Takashi Murakami: Stepping on the Tail of a Rainbow + This Is Not America’s Flag

Takashi Murakami will be the center of the Broad’s specially ticketed spring exhibition, alongside a second exhibition that explores the symbolism of the American flag. Both will be on display in the museum’s first-floor galleries from May 21 to September 25, 2022. All of the Murakami pieces in the Broad’s collection will be on view in “Takashi Murakami: Stepping on the Tail of a Rainbow.” Known for his colorful smiling flowers and cartoonish pop art murals, you’ll be able to see 18 works from the contemporary Japanese artist, as well as some to-be-detailed immersive environments from the artist’s studio. “This Is Not America’s Flag” will feature pieces from 20 artists who’ve both championed and challenged the symbolism of the stars and stripes and channeled that into their own works. Born out of the summer of 2020’s grassroots movements for racial justice, the exhibition includes Jasper Johns’s Flag and David Hammons’s African-American Flag, as well as works from Laura Aguilar, Nicole Eisenman, Jeffrey Gibson, Hank Willis Thomas and Alfredo Jaar (whose A Logo for America inspired the exhibition’s name). Timed tickets for both exhibitions, which also include access to the otherwise free third-floor galleries, go on sale Friday, April 15 at 10am and cost $18 for adults and $12 for students, and are free for children 17 and under. The museum notes that it’ll also announce some free days at a later time.
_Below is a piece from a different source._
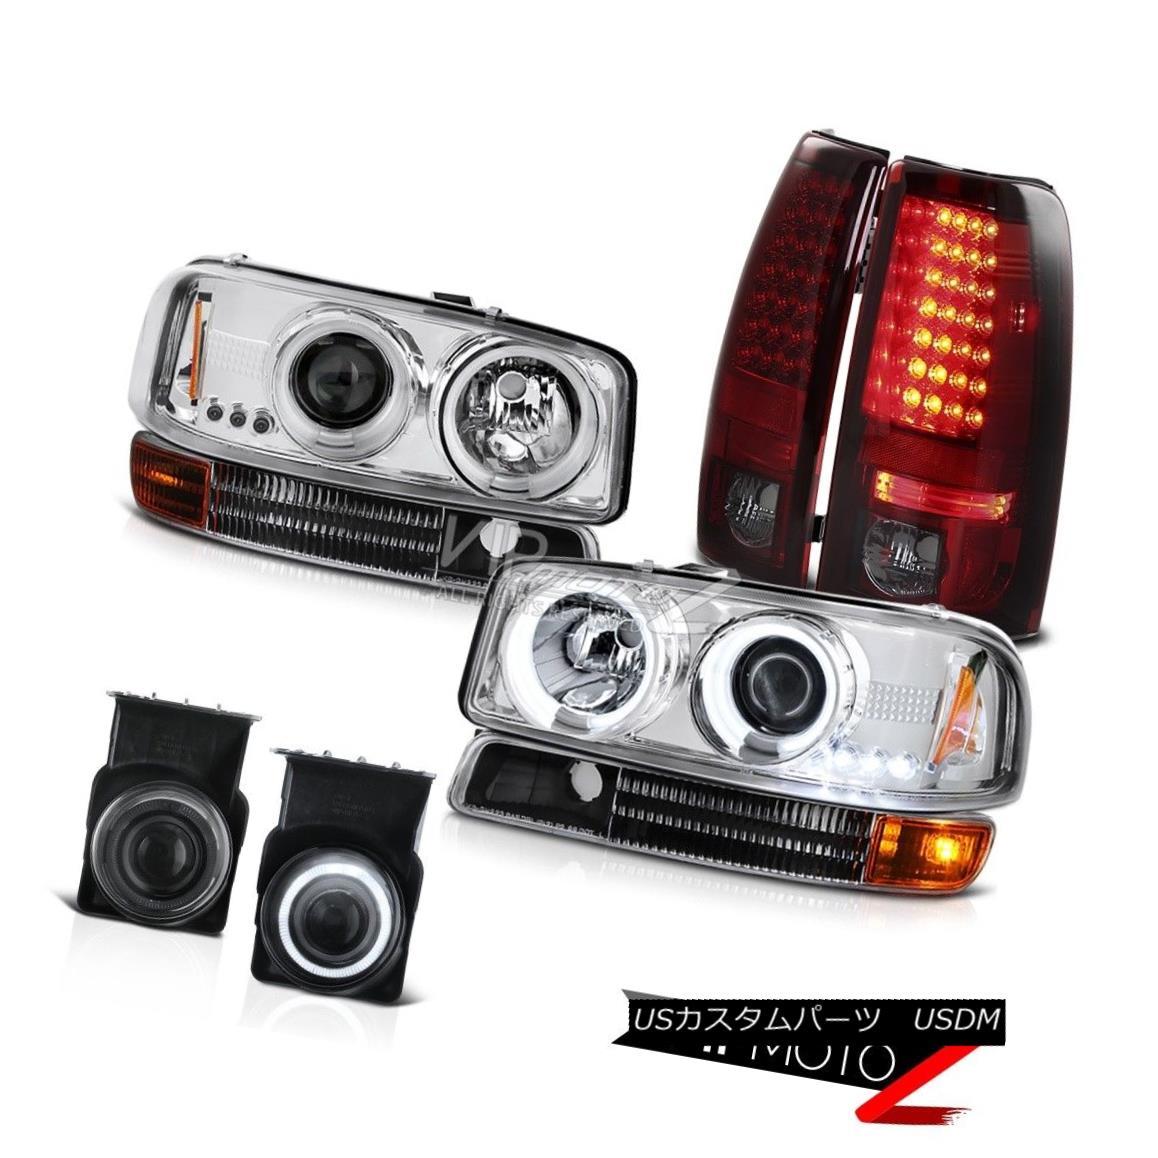 ヘッドライト 2003 Sierra DuraMax 6.6L CCFL Halo Headlight Bumper Tail Light LED Projector Fog 2003 Sierra DuraMax 6.6L CCFL HaloヘッドライトバンパーテールライトLEDプロジェクターフォグ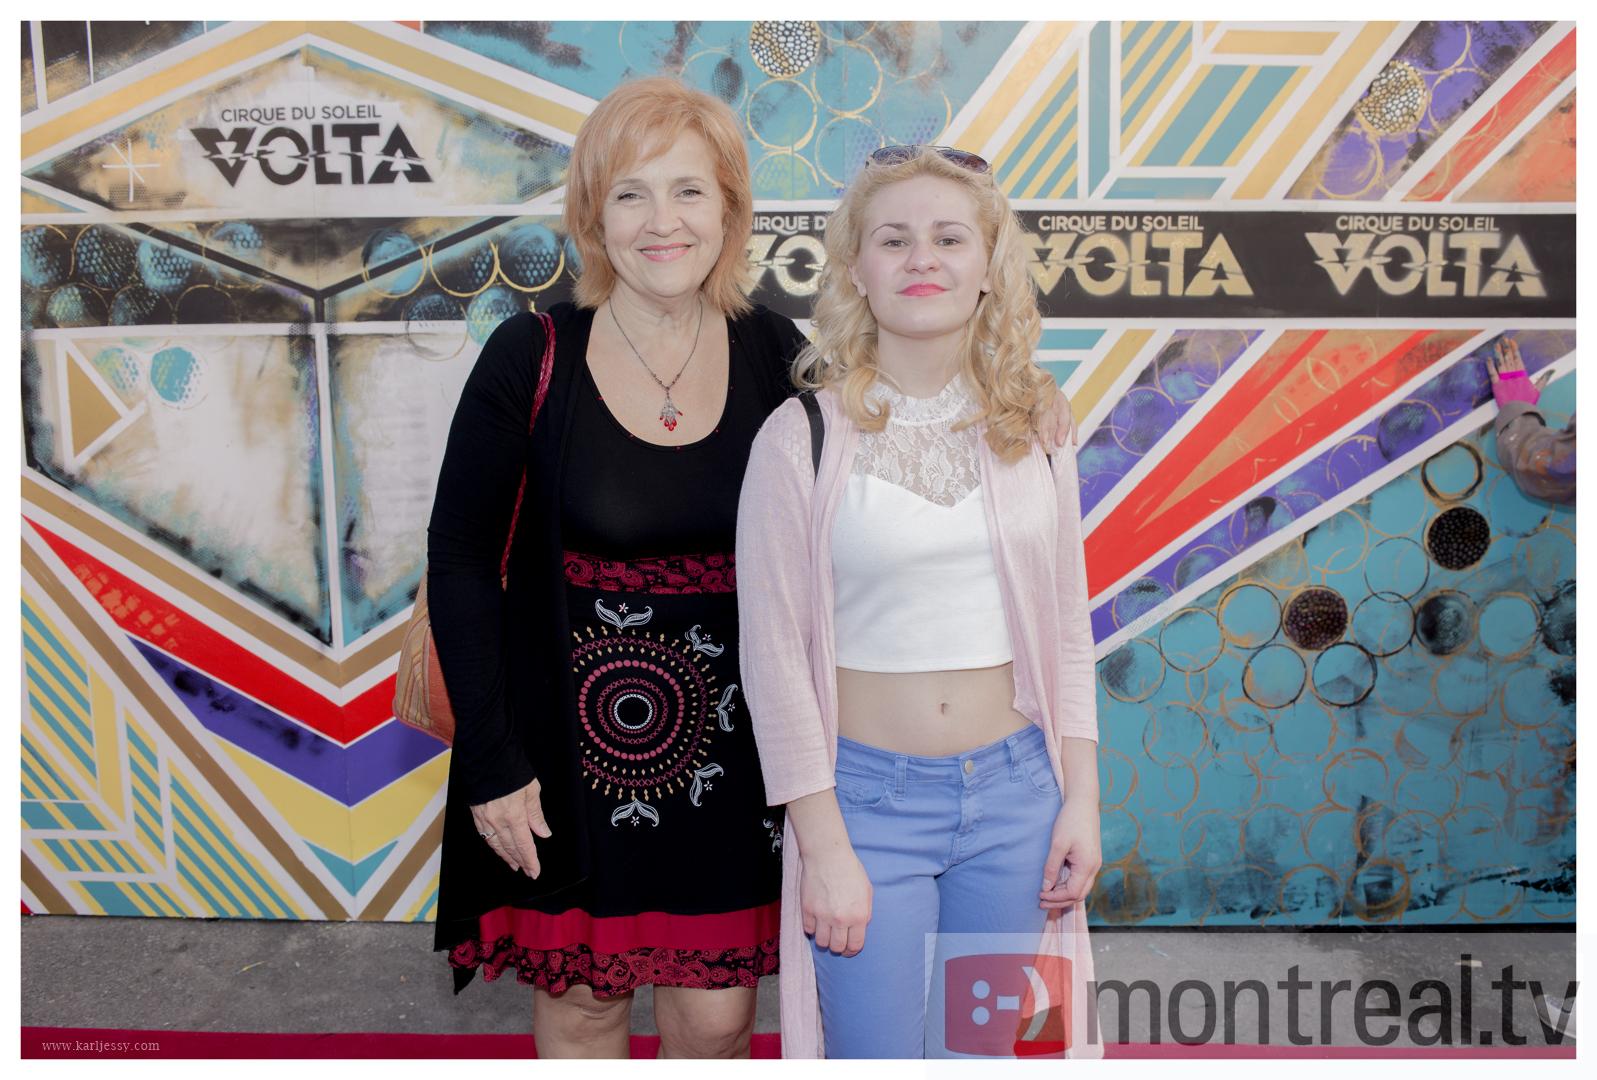 Marie Denise Peltier_RedCarpet_MontrealTV_VOLTA_RedCarpet_MontrealTV_

Summer Happenings at the Broad

  • Performances

Spend a late night at the Broad during the return of its after-hours programming series, which finds musicians, dancers and poets collaborating in the museum’s outdoor plaza as well as in gallery spaces. Tickets for each event include full access to the museum and its concurrent exhibitions, “Takashi Murakami: Stepping on the Tail of a Rainbow” and “This Is Not America’s Flag.” Thundercat and Arooj Aftab top this year’s lineup.